# [Task requirements]
Set the data below down again, exactly, with every picture left out.

# [Information shown]

=====

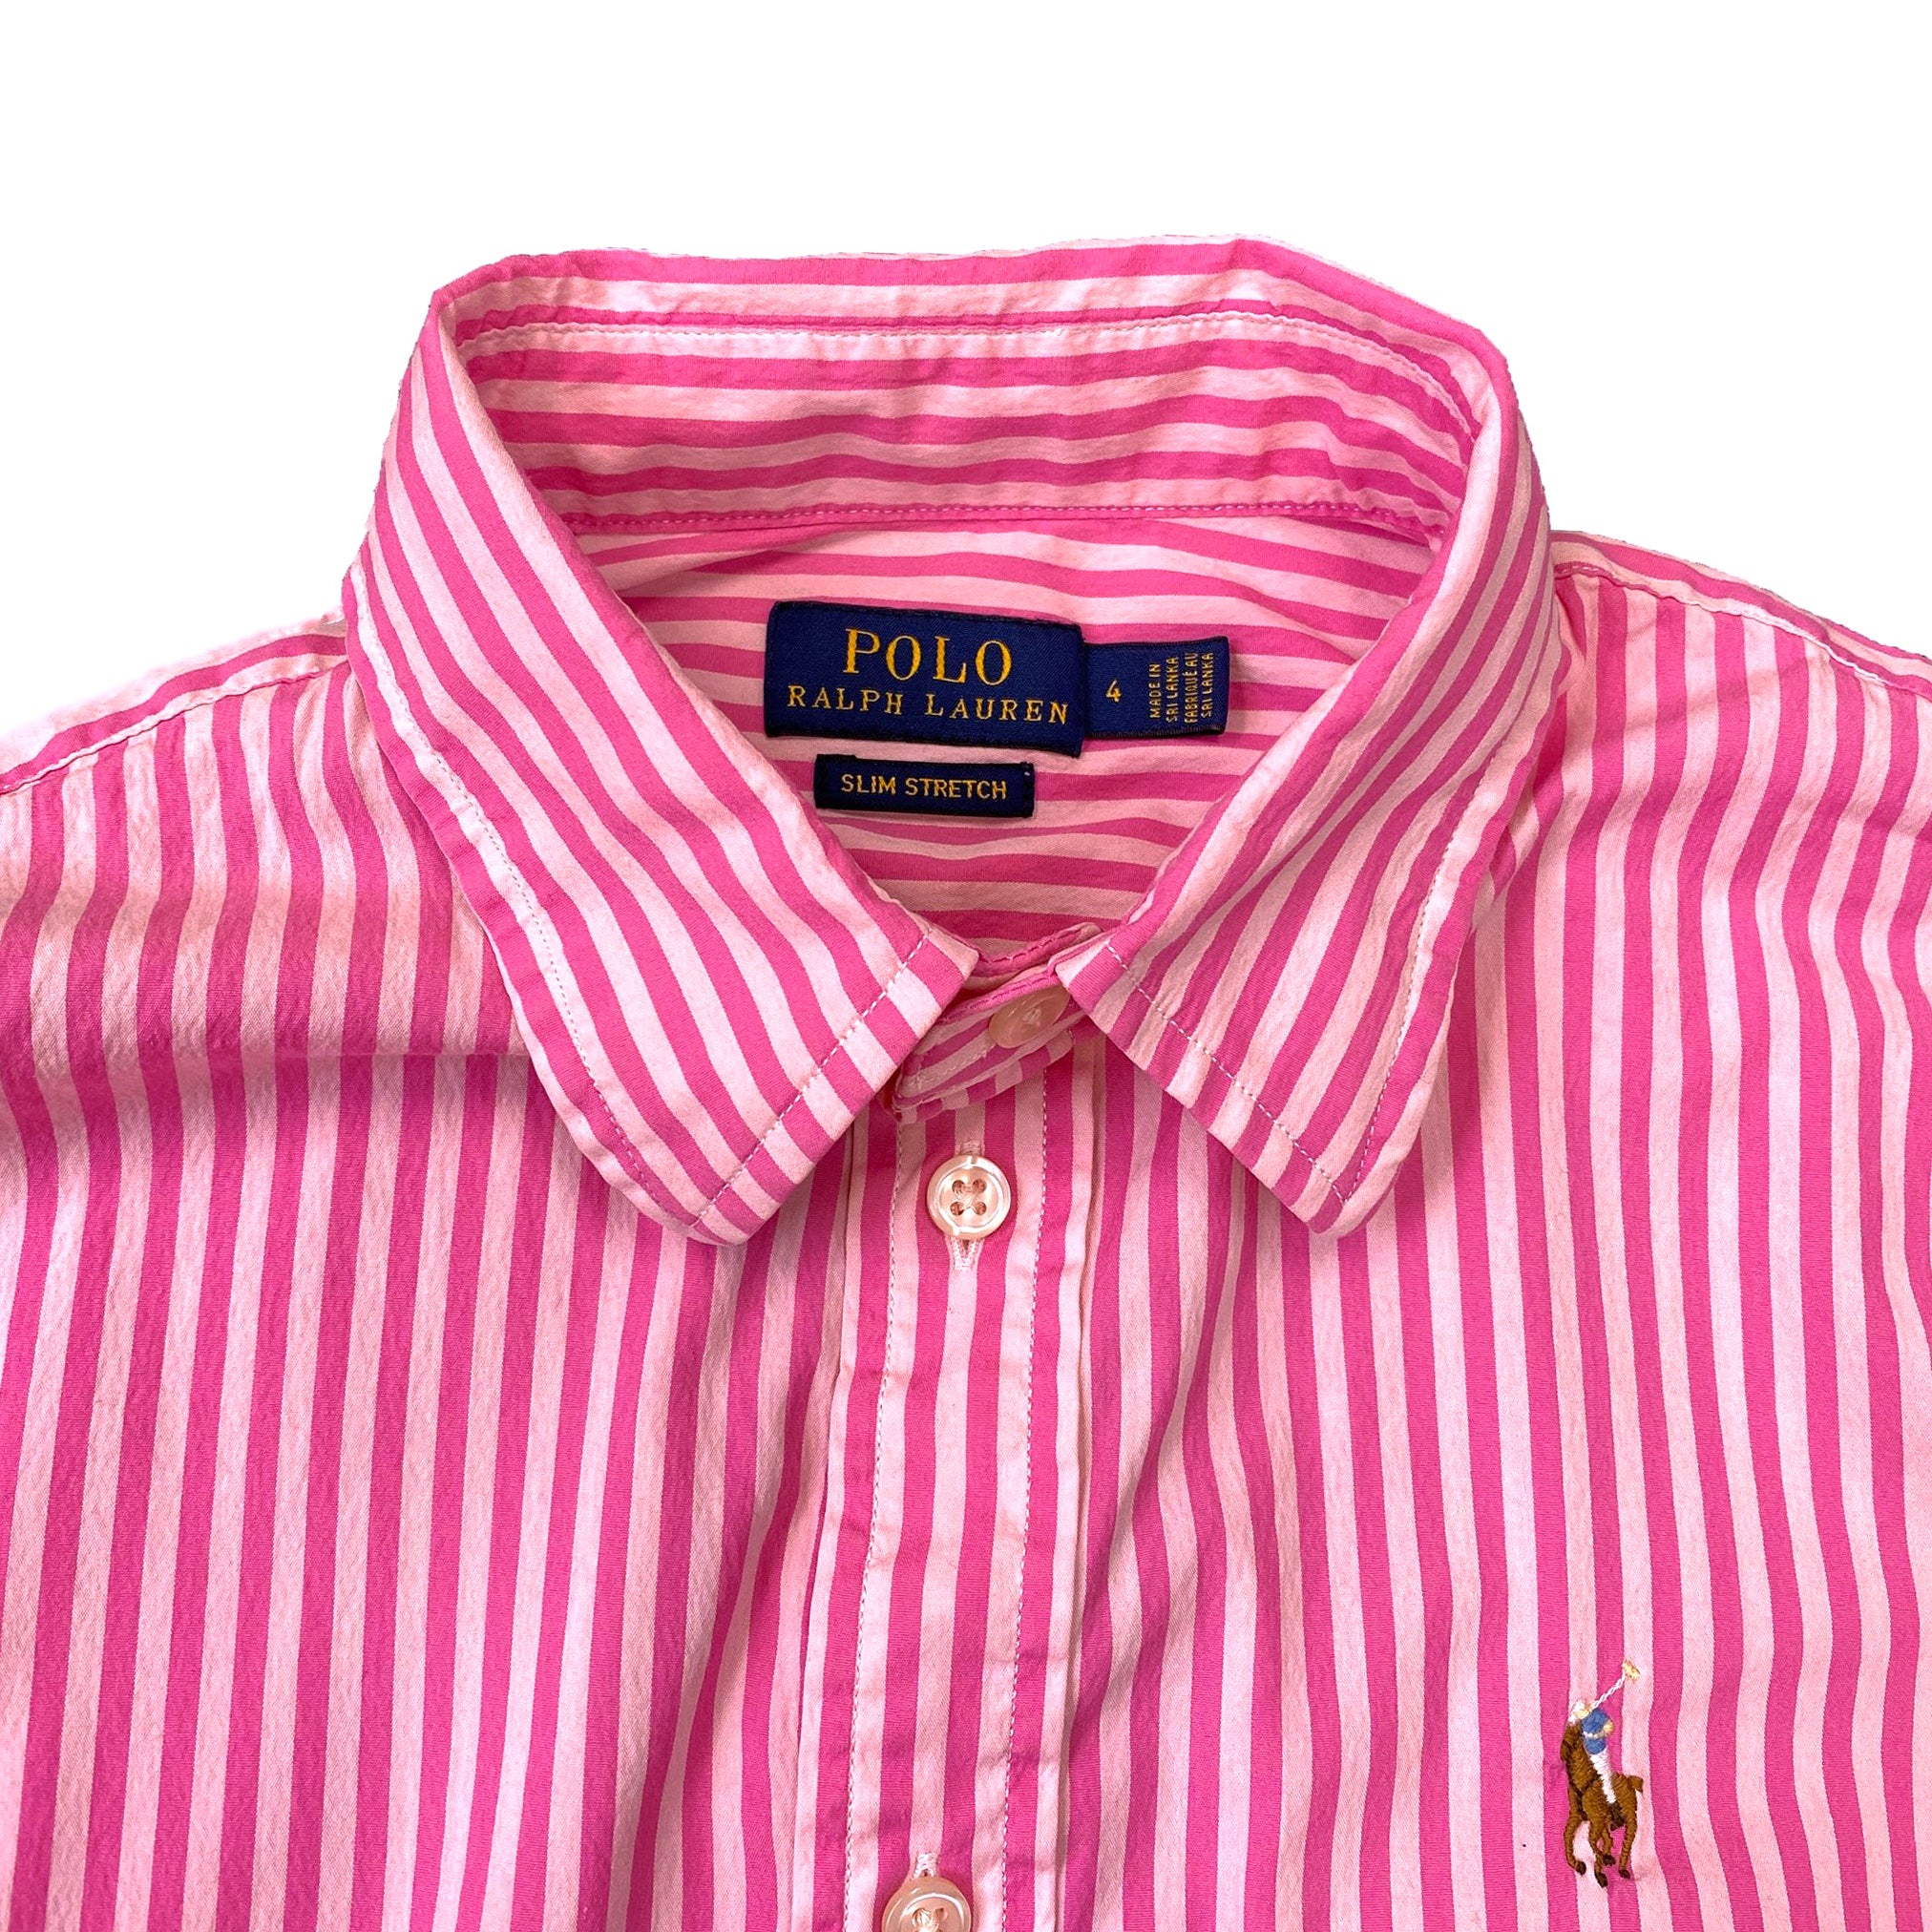 Polo by Ralph Lauren Pink Striped Shirt
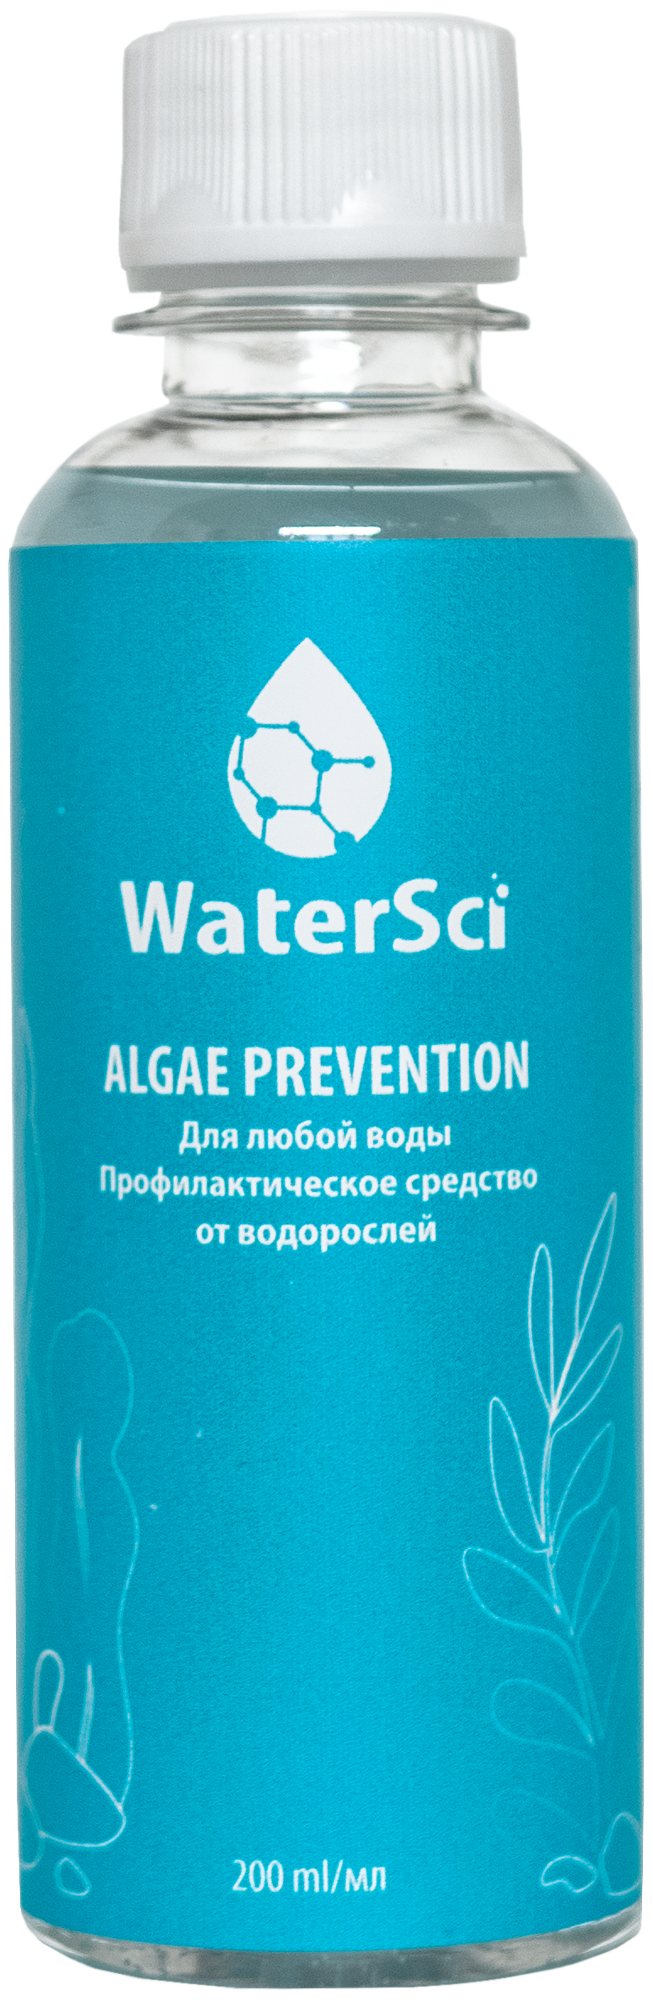 Средство от водорослей Water Sci. Algae prevention, 200 мл.
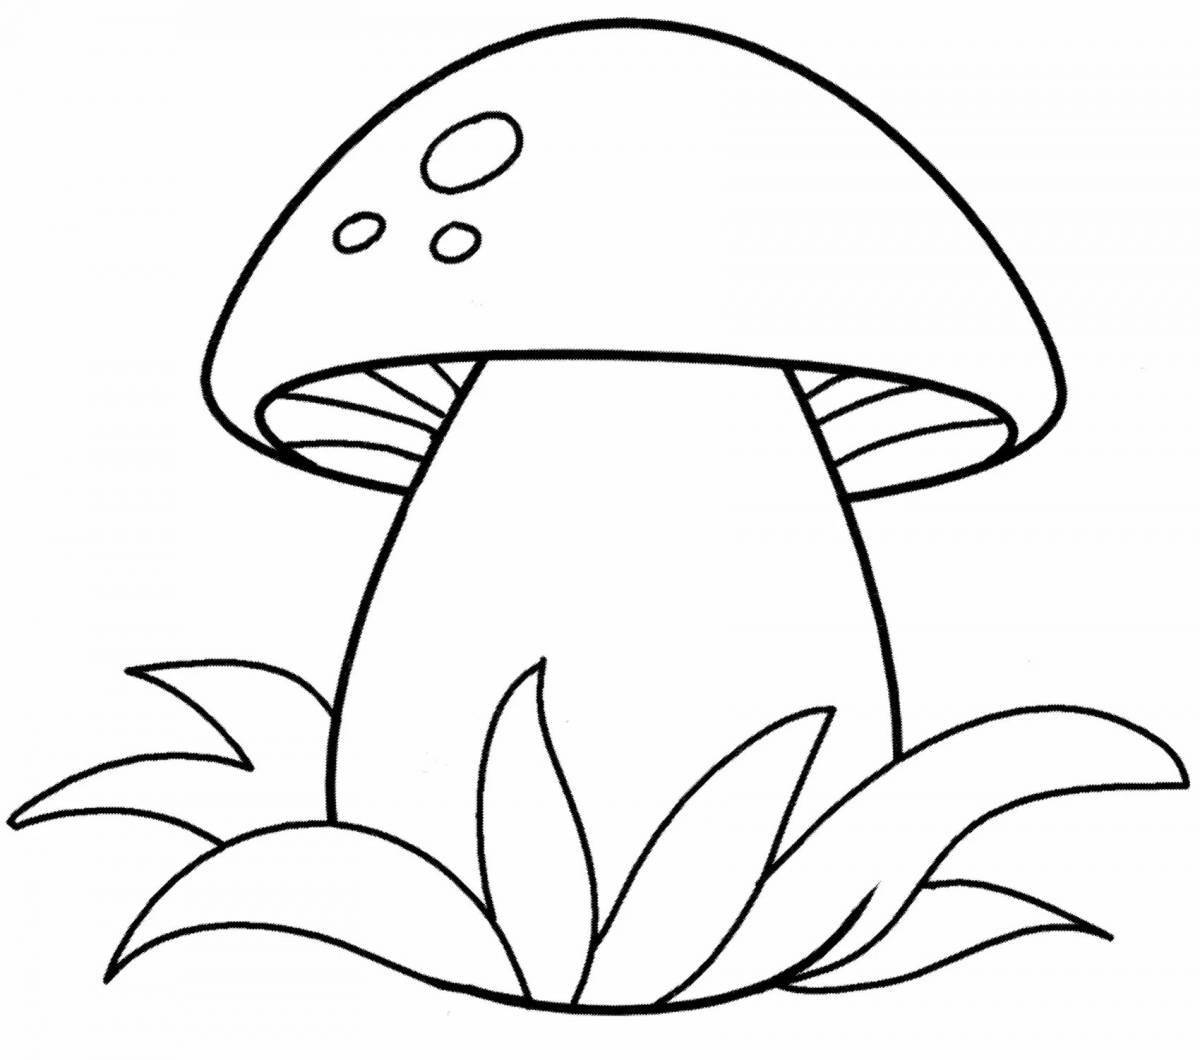 Coloring glossy mushroom

=====

# [Exercise response]
 Polo by Ralph Lauren Pink Striped Shirt
 Средство от водорослей Water Sci. Algae prevention, 200 мл.
 Coloring glossy mushroom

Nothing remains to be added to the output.